Asia

Afghanistan's attempts to reform voting face failure

Afghan presidential candidates Ashraf Ghani Ahmadzai and Abdullah Abdullah hugging each other during a news conference in Kabul 15 January 2015 Image copyright Reuters
Image caption The two most powerful men in Afghan politics cannot agree

The Afghan government is on a collision course with election officials over reform of the voting system.

Elections to the lower house of parliament, the Wolesi Jirga, should take place in June.

The constitution states that there can be no reforms for a year before polls are held leaving just months to solve voting concerns.

Both President Ashraf Ghani and his coalition partner Abdullah Abdullah, whose official title is chief operating officer, came into office committed to reform the process before there are any more elections.

But the Independent Election Commission (IEC) is insisting on holding parliamentary elections this year.

Its chief, Ahmad Yusuf Nuristany, told the BBC that although he could hold polls as late as September, he could not delay them after that.

"This parliament has to go. Their time is over," he says.

Referring to proposals for reform, he says: "They cannot bring those reforms unless they trample on the law and ignore the law."

This raises a number of problems, not least who will pay for the elections.

International donors who funded both the elections last year, and an exhaustive audit to check for fraud, say they are unwilling to pay for any further elections without reform.

Image copyright Reuters
Image caption Afghanistan's voting system has faced repeated complaints of corruption
Image copyright Reuters
Image caption Foreign donors will not pay for a fresh election without reform

Changes needed

The only reform that would make a substantial difference to the ability to commit fraud would be a new register of voters. Voters are not limited to voting at a particular location, and can currently use any card issued since 2001 in any polling station. This caused chaos during the presidential election when popular city polling stations ran out of ballot papers, depriving some of their right to vote.

There have been three major registrations since 2001, putting more than 20 million voting cards in circulation. But it is believed that there are around 12 million voters, so the number of cards is an obvious potential fraud. On some estimates it would take up to 10 years to introduce a full electronic identity system.

Nobody wants to delay elections that long, but Nader Nadery, the most prominent campaigner for reform, and head of the Afghanistan Research Evaluation Unit, said there are reforms that are possible without a full fresh registration of voters. He wants an election reform commission appointed as a matter of urgency.

"There must be an agreement of both leaders to move swiftly and quickly on a reform path, where that may not be satisfying and answering all the issues, but at least on a minimal level address the demand for reform and the need for reform," he says.

Mr Nadery said that there is a dilemma, because while an election should be held this year without reform under a strict reading of the constitution - it also states that there should elections should be "free, fair and credible". Something which is not possible without reform.

Differing views

But a clear difference is emerging between the two top politicians.

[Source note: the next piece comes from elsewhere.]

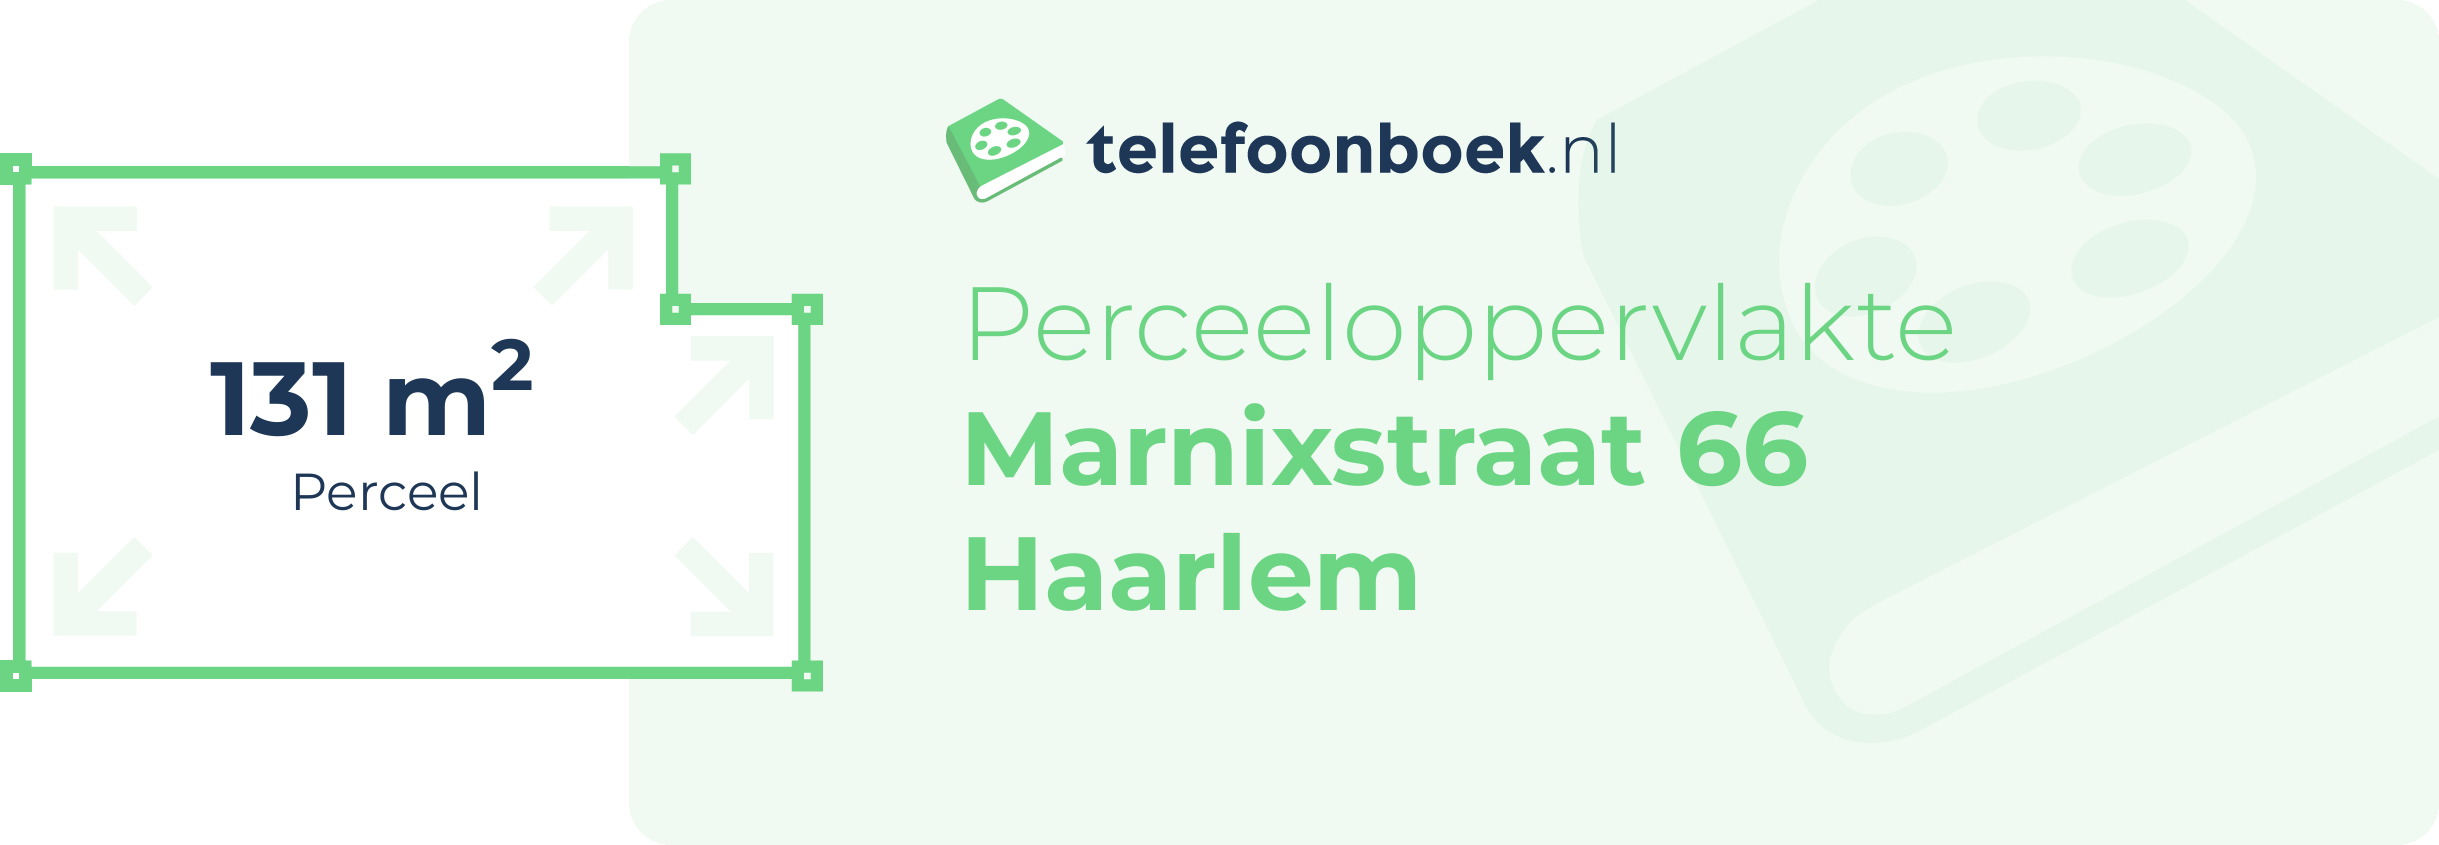 Perceeloppervlakte Marnixstraat 66 Haarlem

Abdullah Abdullah is insisting there should be no election without a full reform of the process, including the replacement of all the election commissioners.

On the other side, Ashraf Ghani's vice-president Mohammad Sawar Danish said that reform would not have to be so thorough.

Failure in this area is increasing nervousness in Afghanistan, already damaged by the long political stalemate since the election.

Only a third of cabinet ministers are yet in place, and the continuing uncertainty has had a catastrophic impact on the economy, paralysing trade.